> _TASK BRIEF_
Retype exactly the lines of the listing below from the one with "Wedding - Top 10: Eucalyptus Details" through the last, both included, and leave every picture out.

> _RECORDED DATA_
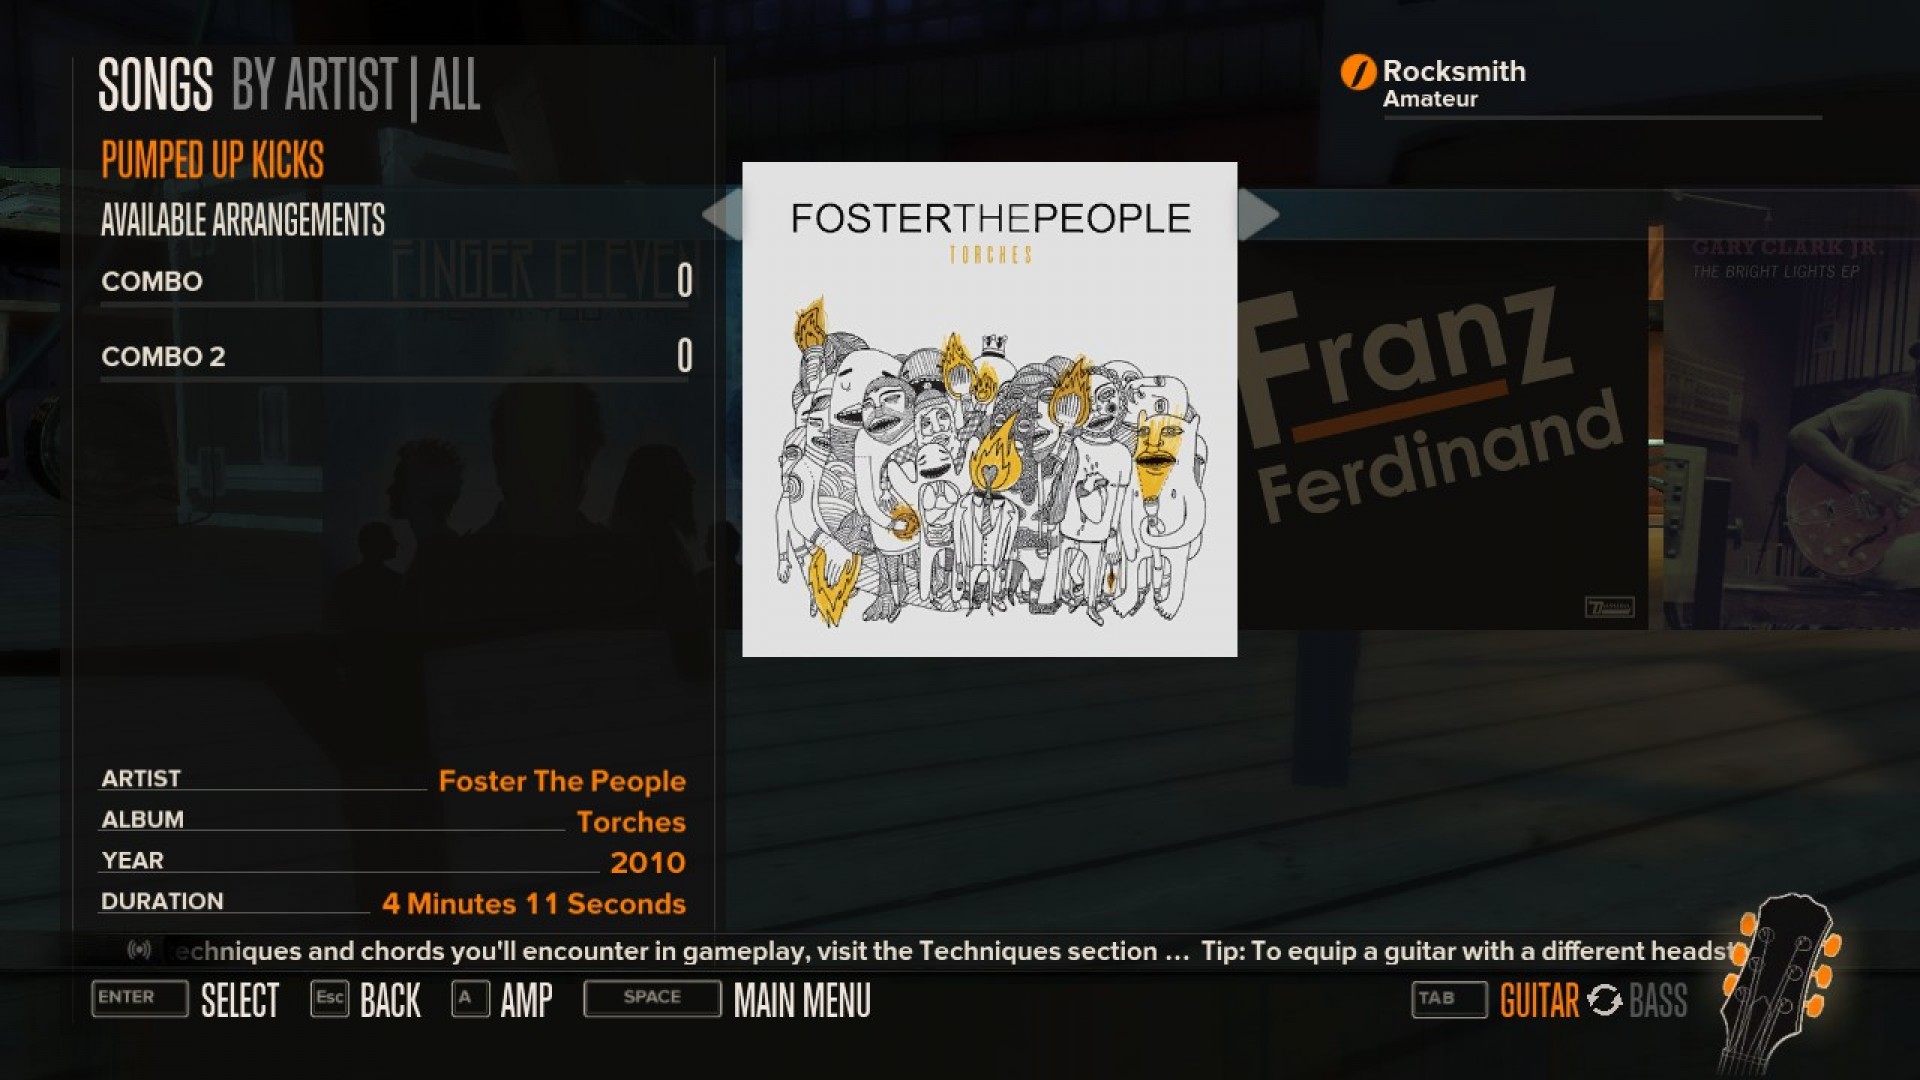 Rocksmith - Foster the People - Pumped Up Kicks screenshot
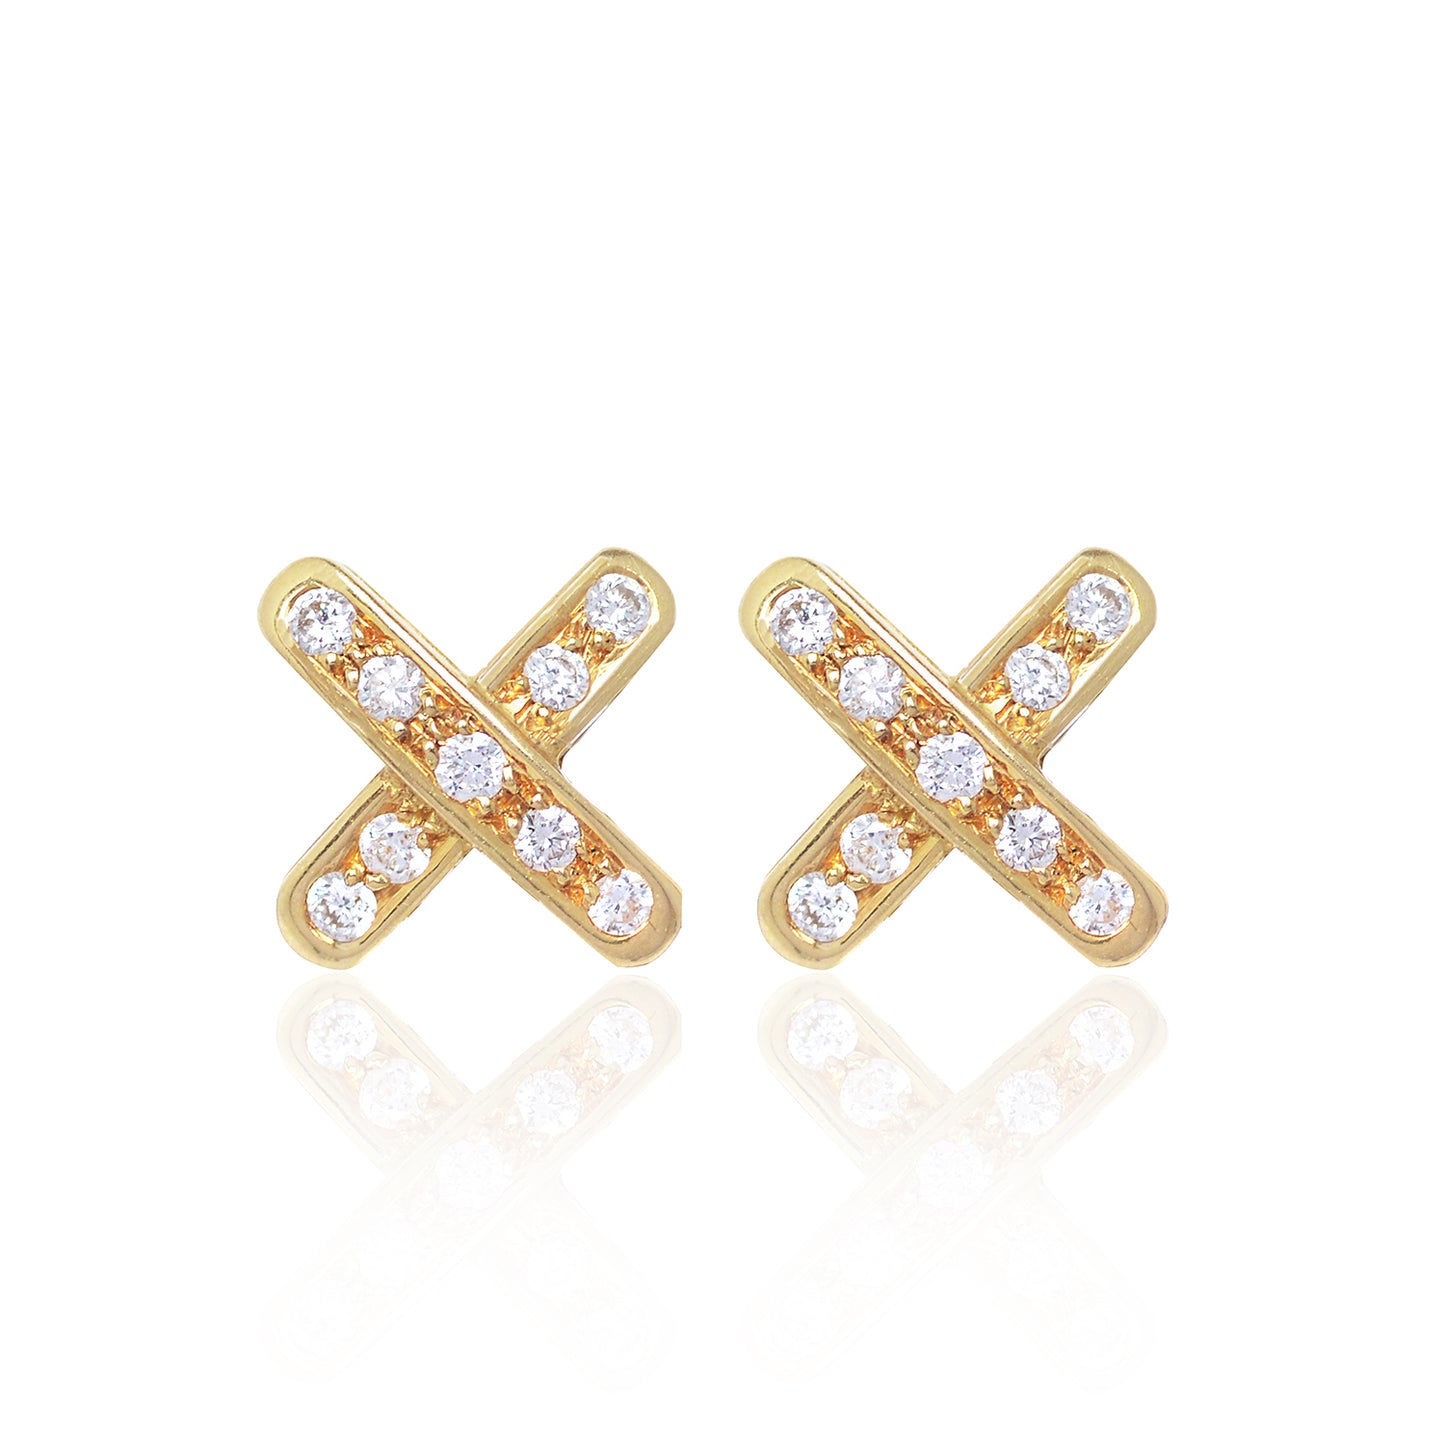 Cross Diamond Earrings set in 18ct yellow gold with 18 x 2 pointer diamonds by McFarlane Fine Jewellery
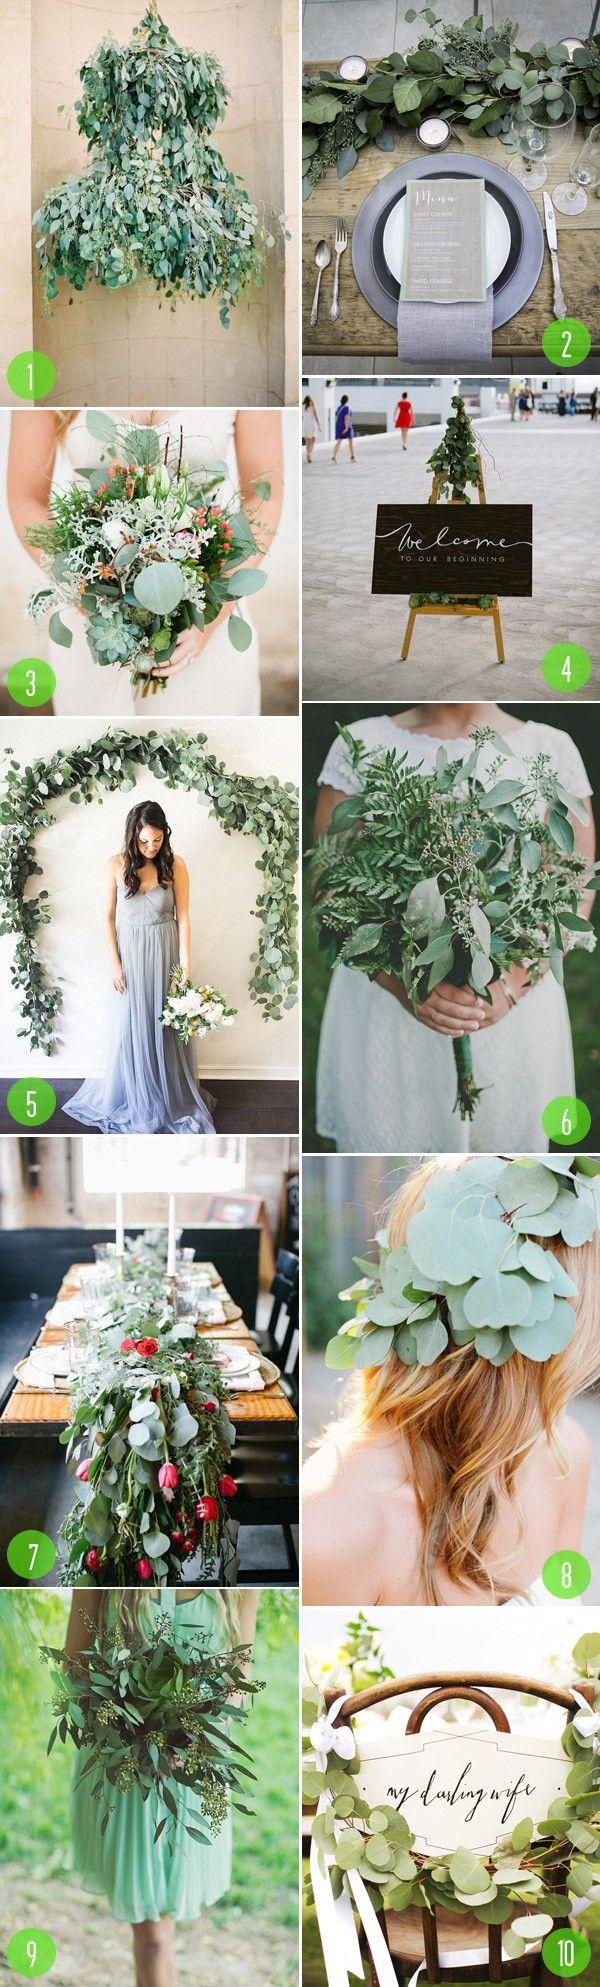 Wedding - Top 10: Eucalyptus Details
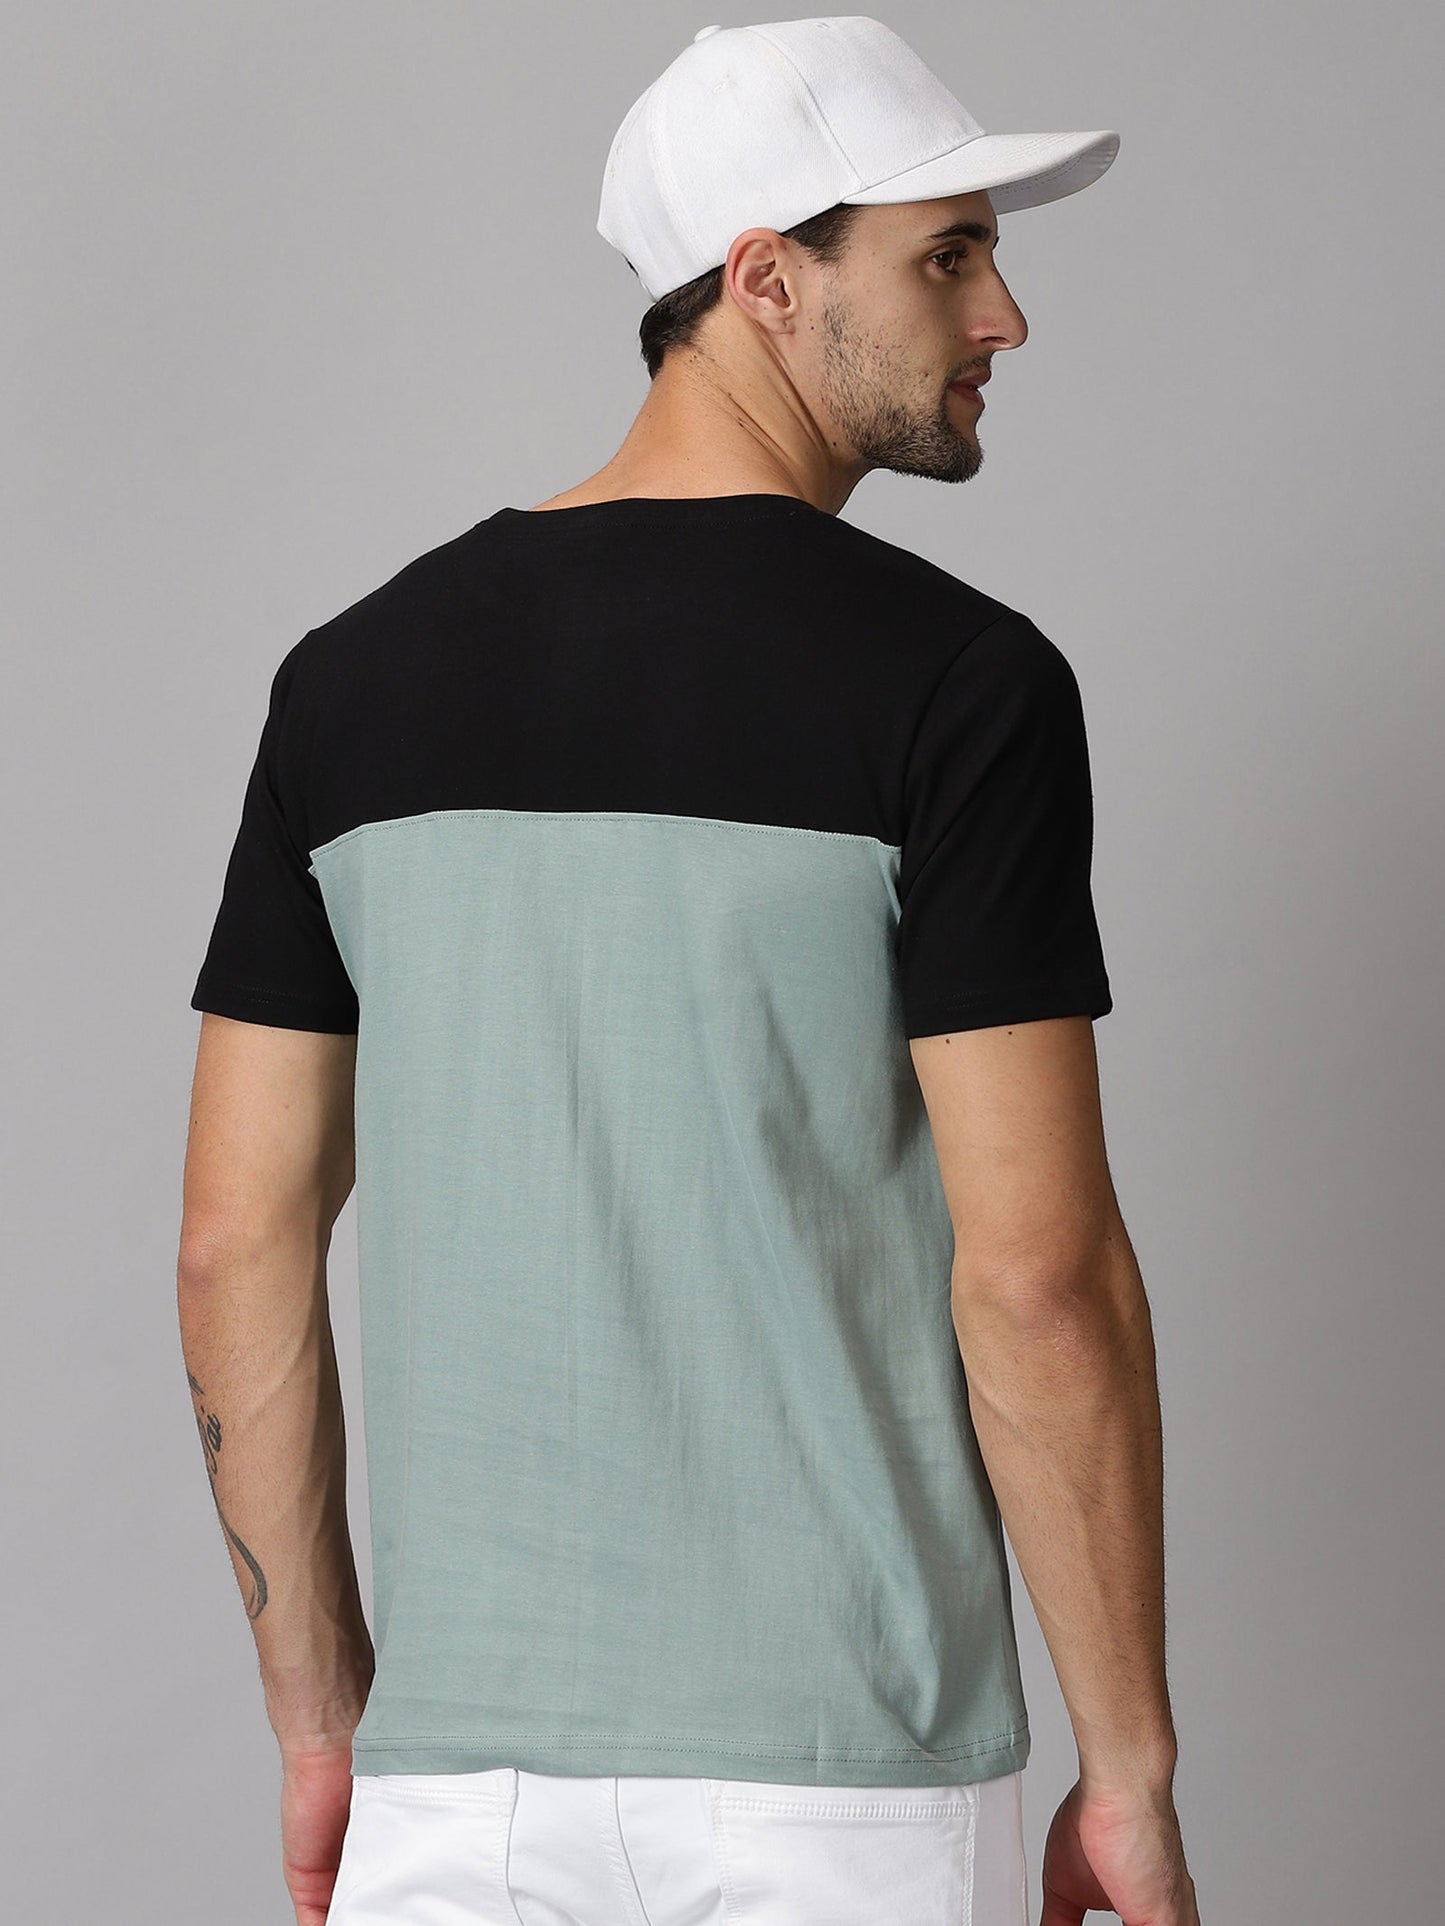 ColourBlocked T-Shirt: Black-C Green

> _ANSWER TO THIS PROBLEM_
 Wedding - Top 10: Eucalyptus Details
 ColourBlocked T-Shirt: Black-C Green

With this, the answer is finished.